*** Opening of DATA PROVIDED ***

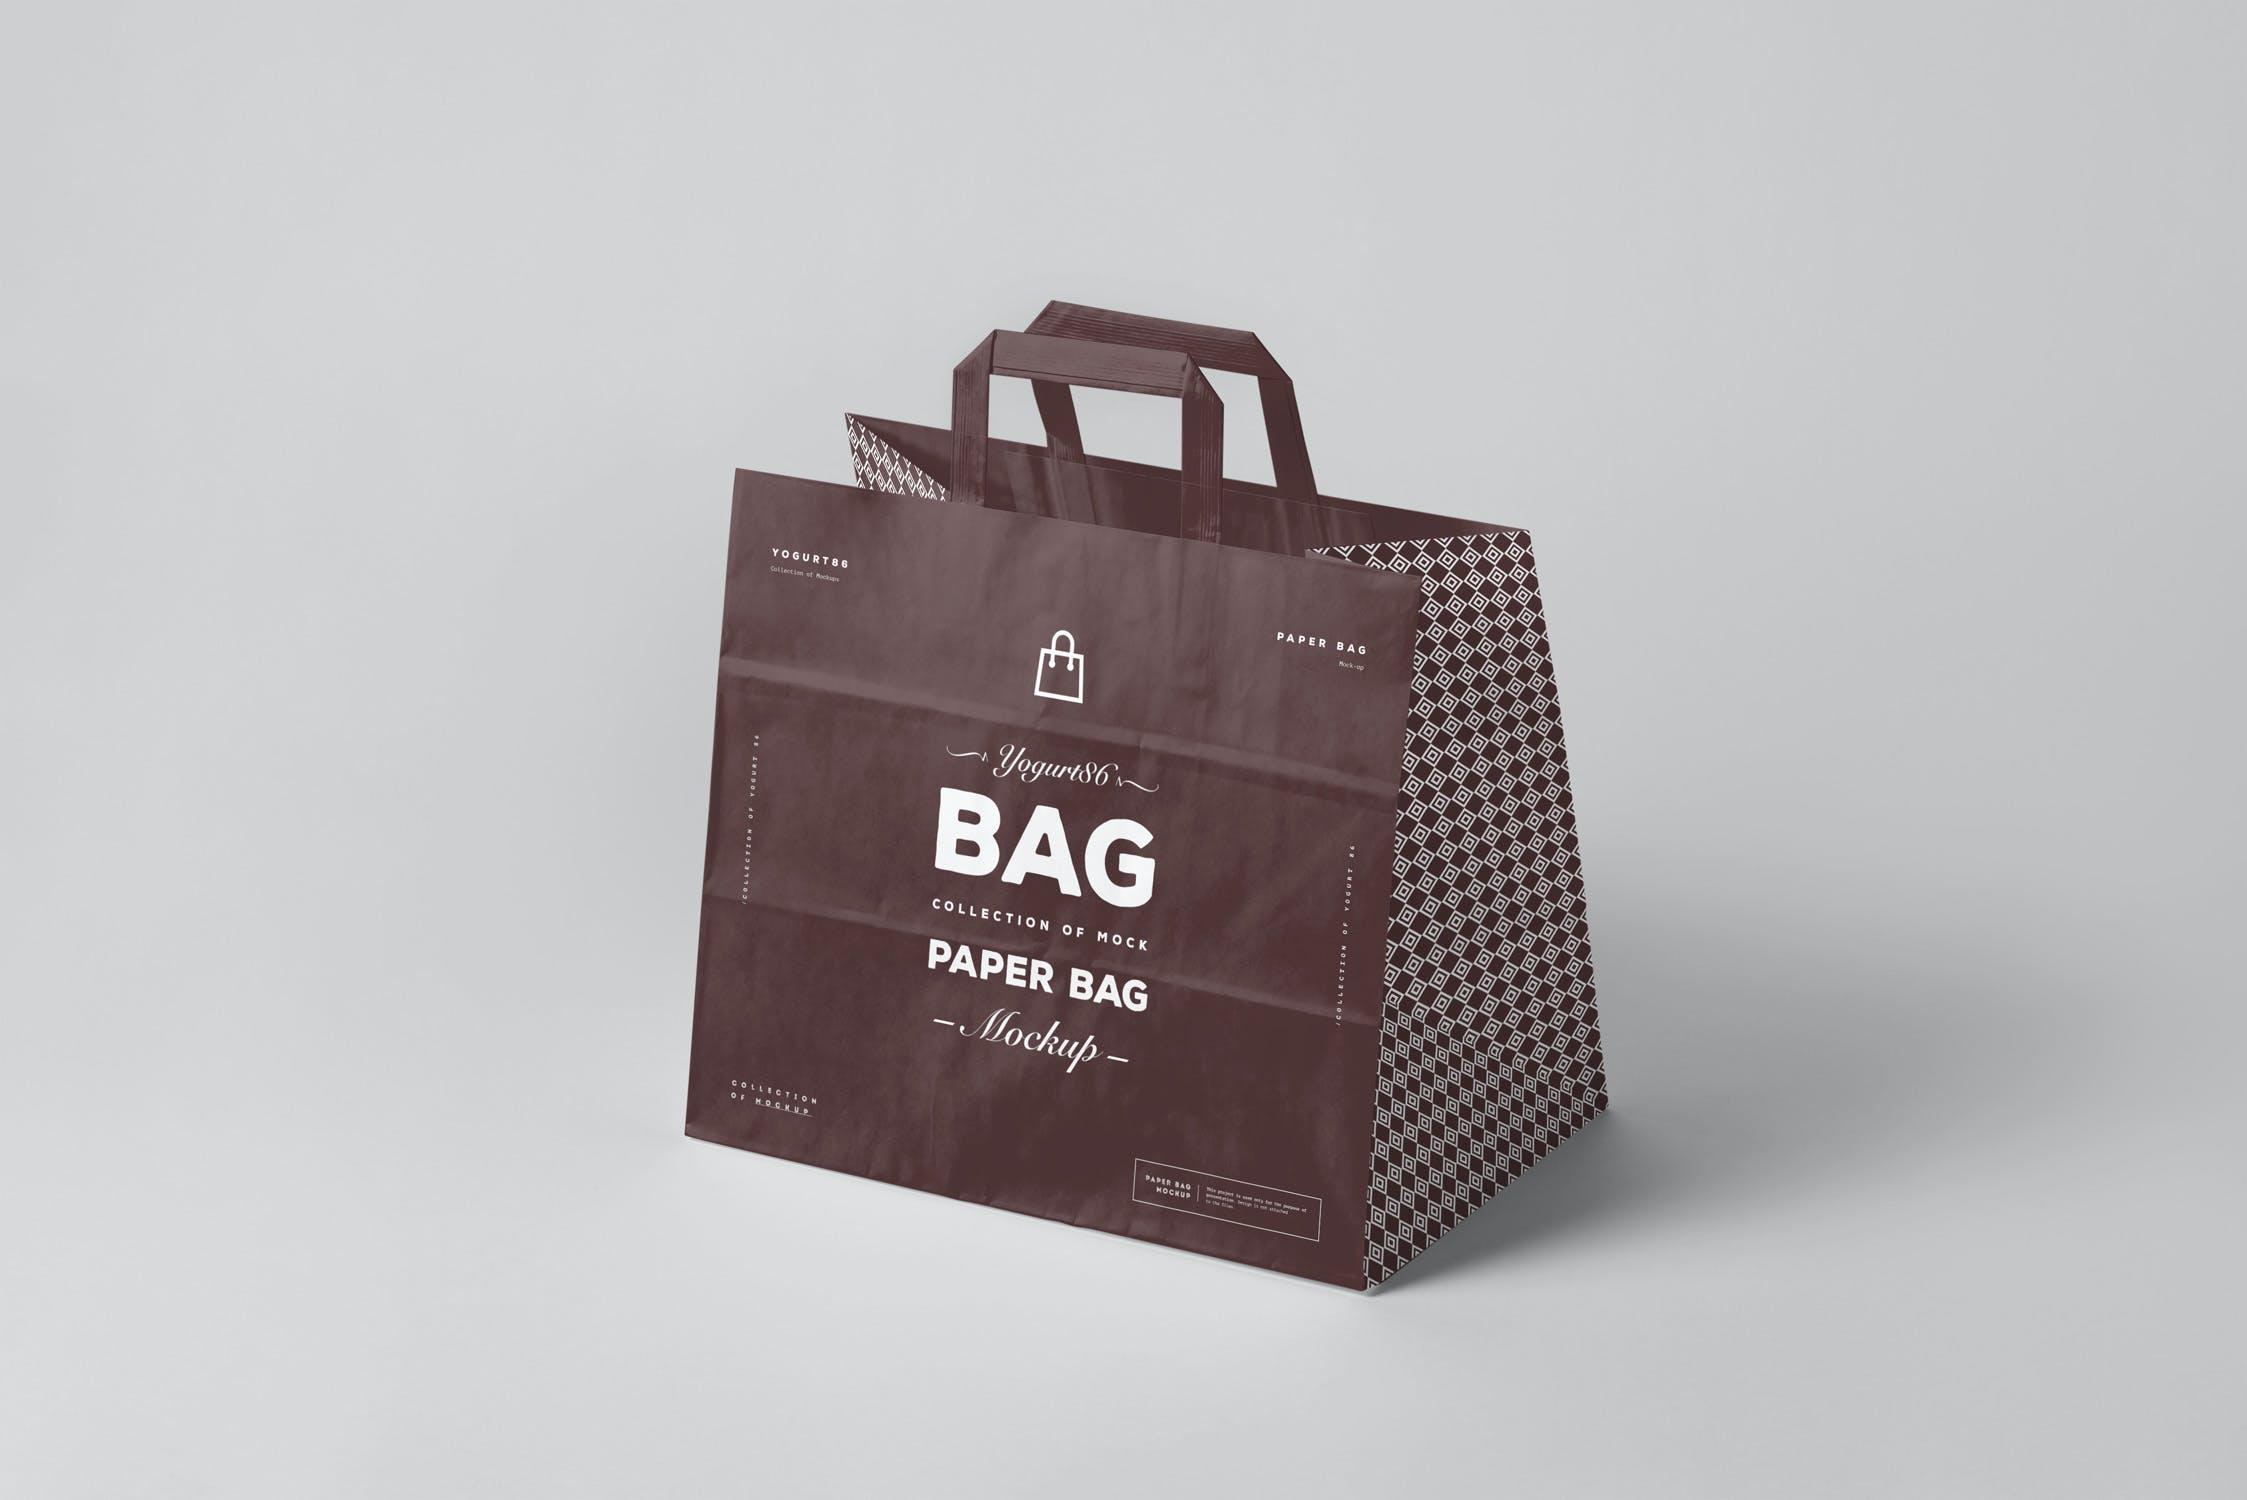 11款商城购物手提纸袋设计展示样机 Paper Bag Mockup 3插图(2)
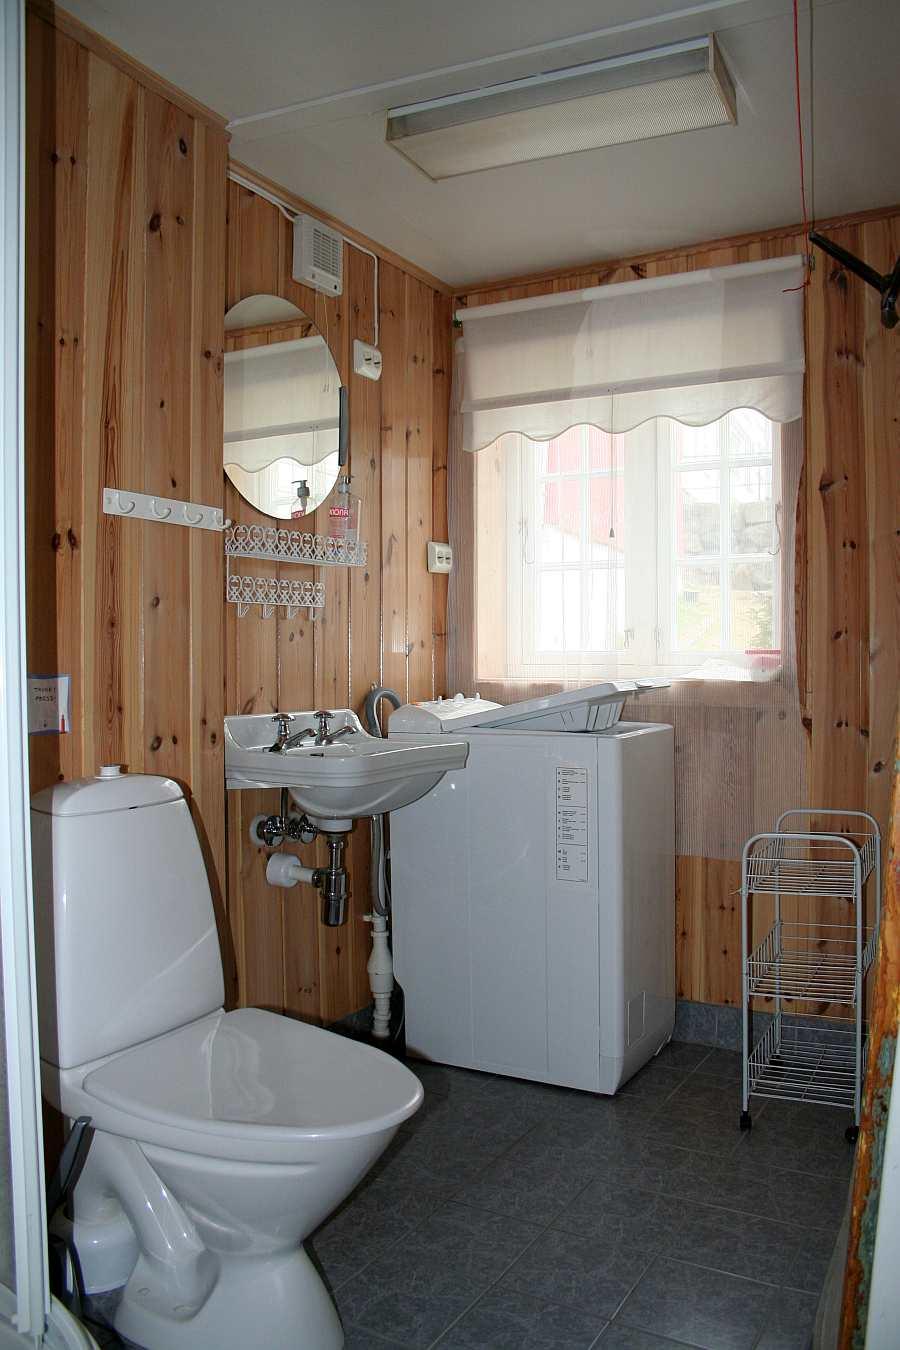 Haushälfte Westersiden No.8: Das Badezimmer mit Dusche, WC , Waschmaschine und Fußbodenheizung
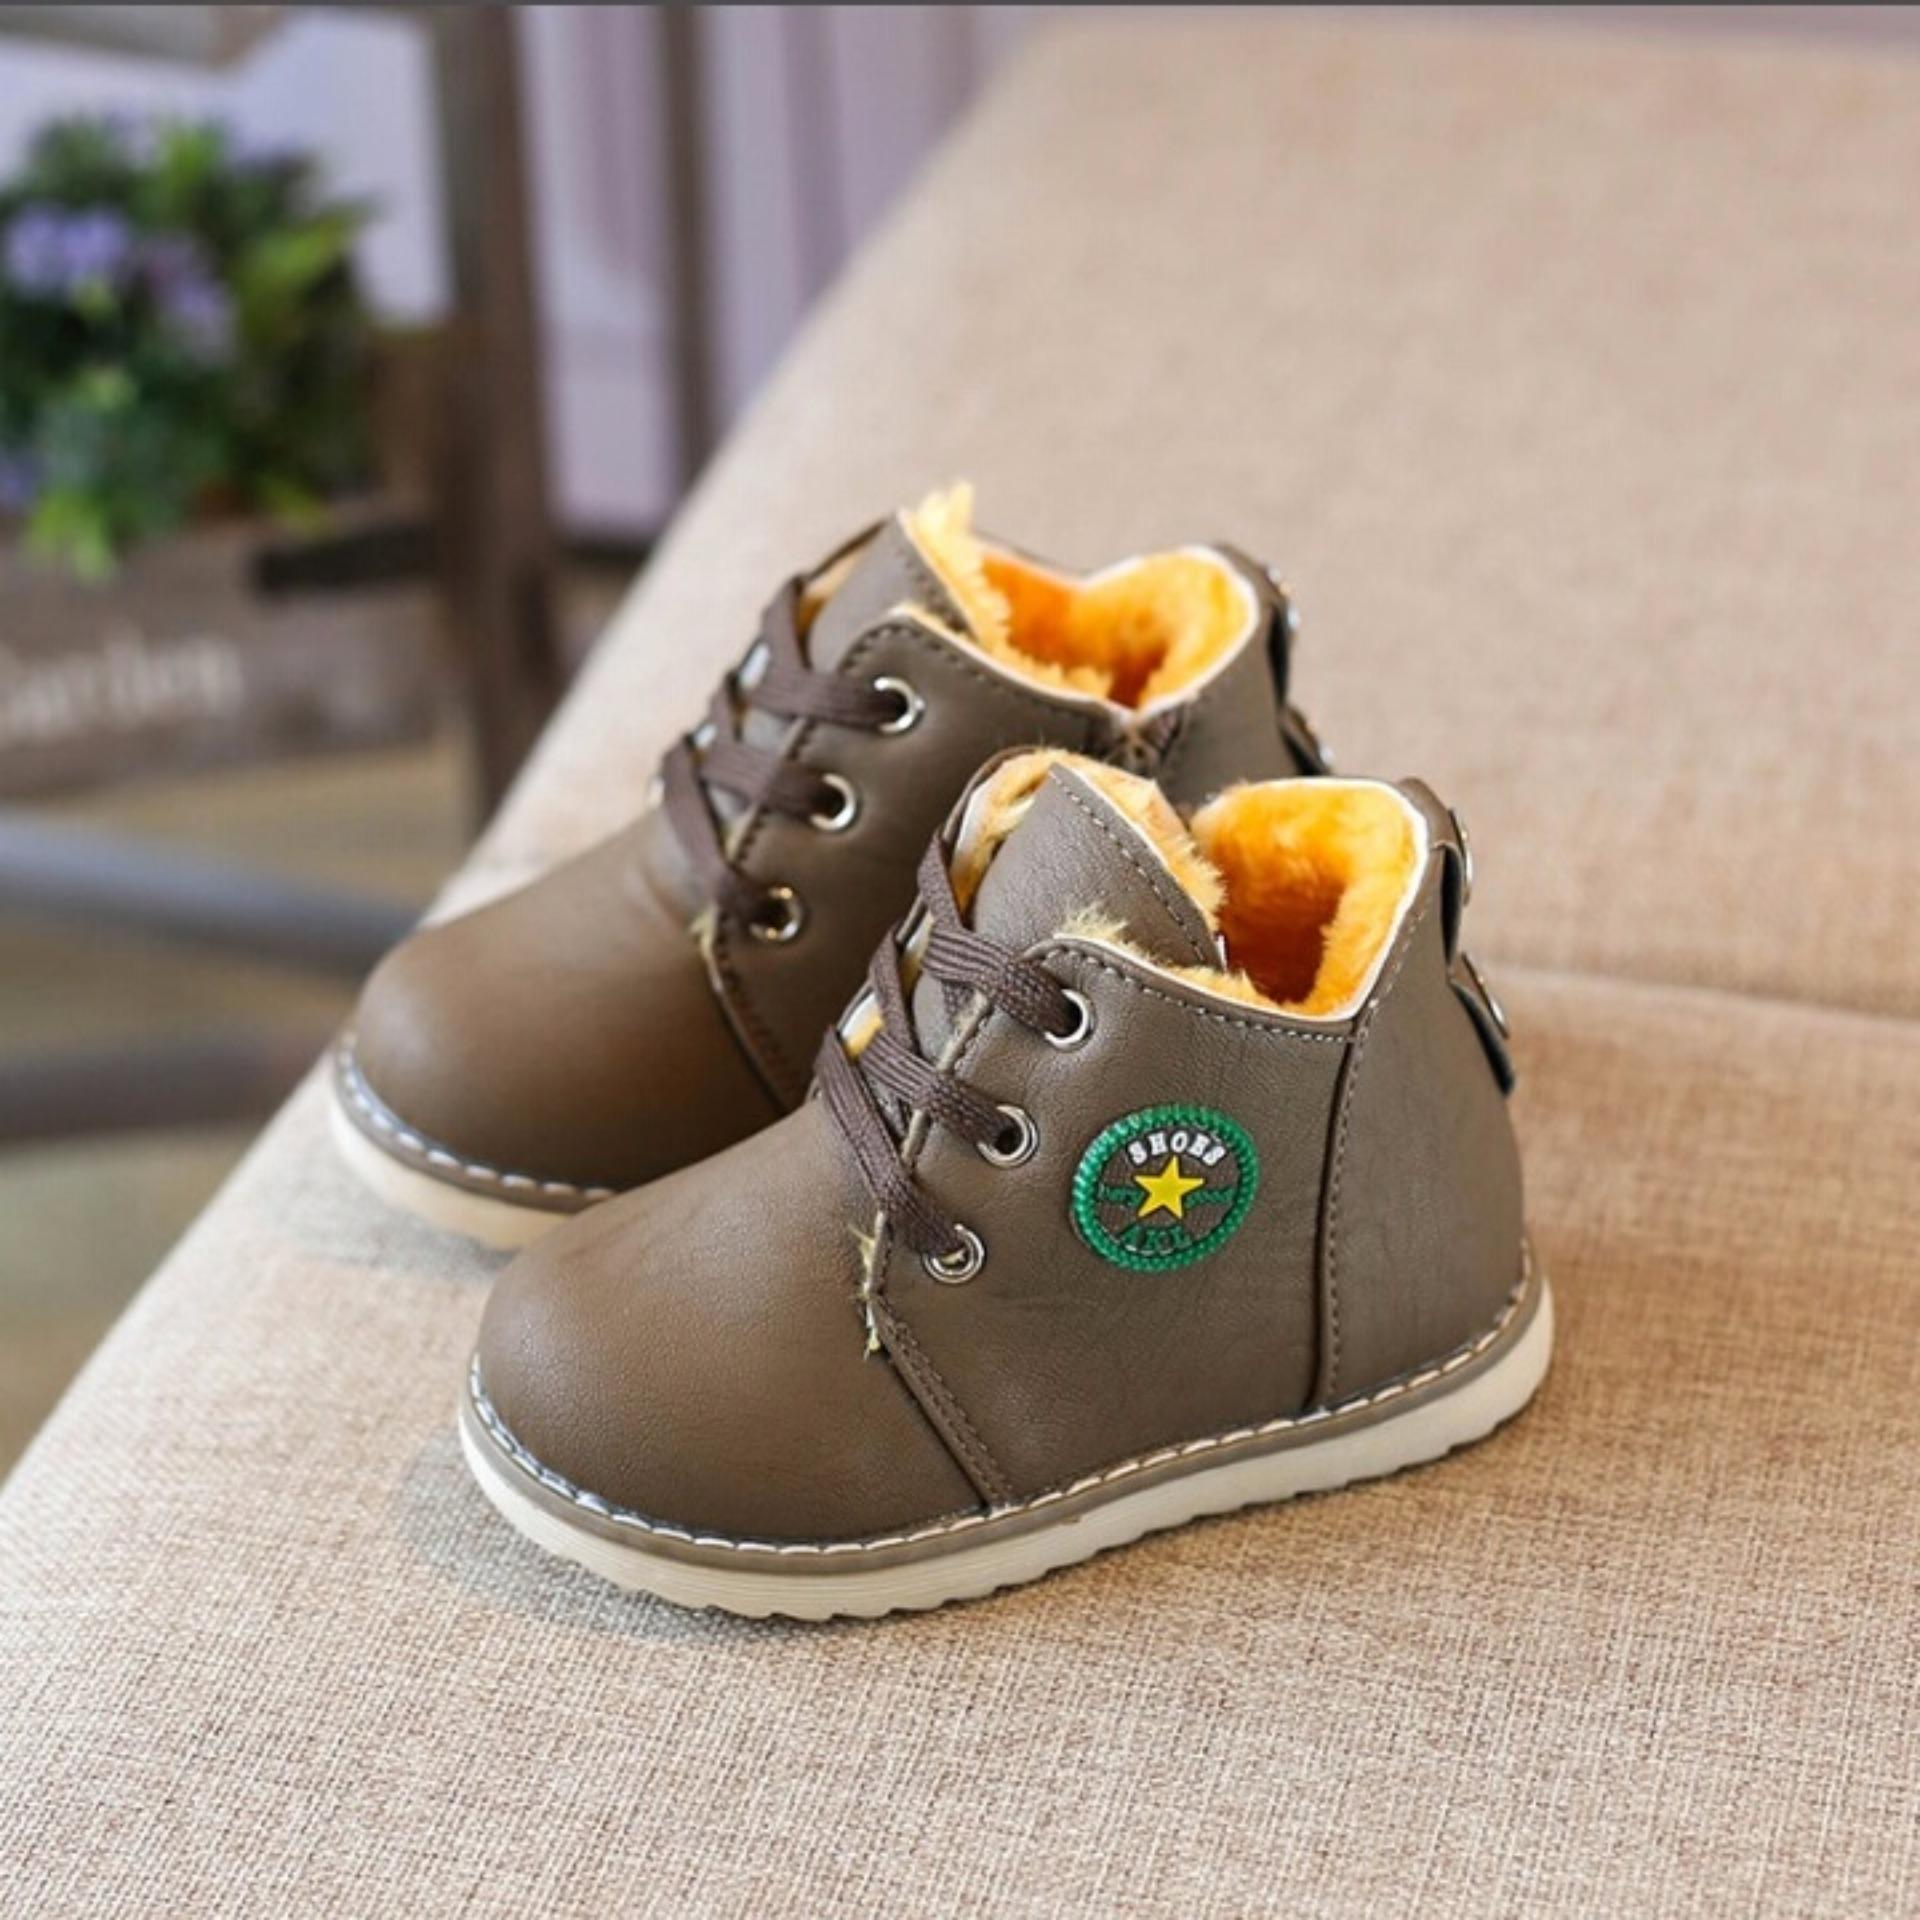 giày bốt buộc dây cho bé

*** Close of DATA PROVIDED ***

_WORK TO BE COMPLETED_:
Return the whole listing word for word, minus its pictures.

_ANSWER TO THE EXERCISE_:
 11款商城购物手提纸袋设计展示样机 Paper Bag Mockup 3插图(2)
 Haushälfte Westersiden No.8: Das Badezimmer mit Dusche, WC , Waschmaschine und Fußbodenheizung
 giày bốt buộc dây cho bé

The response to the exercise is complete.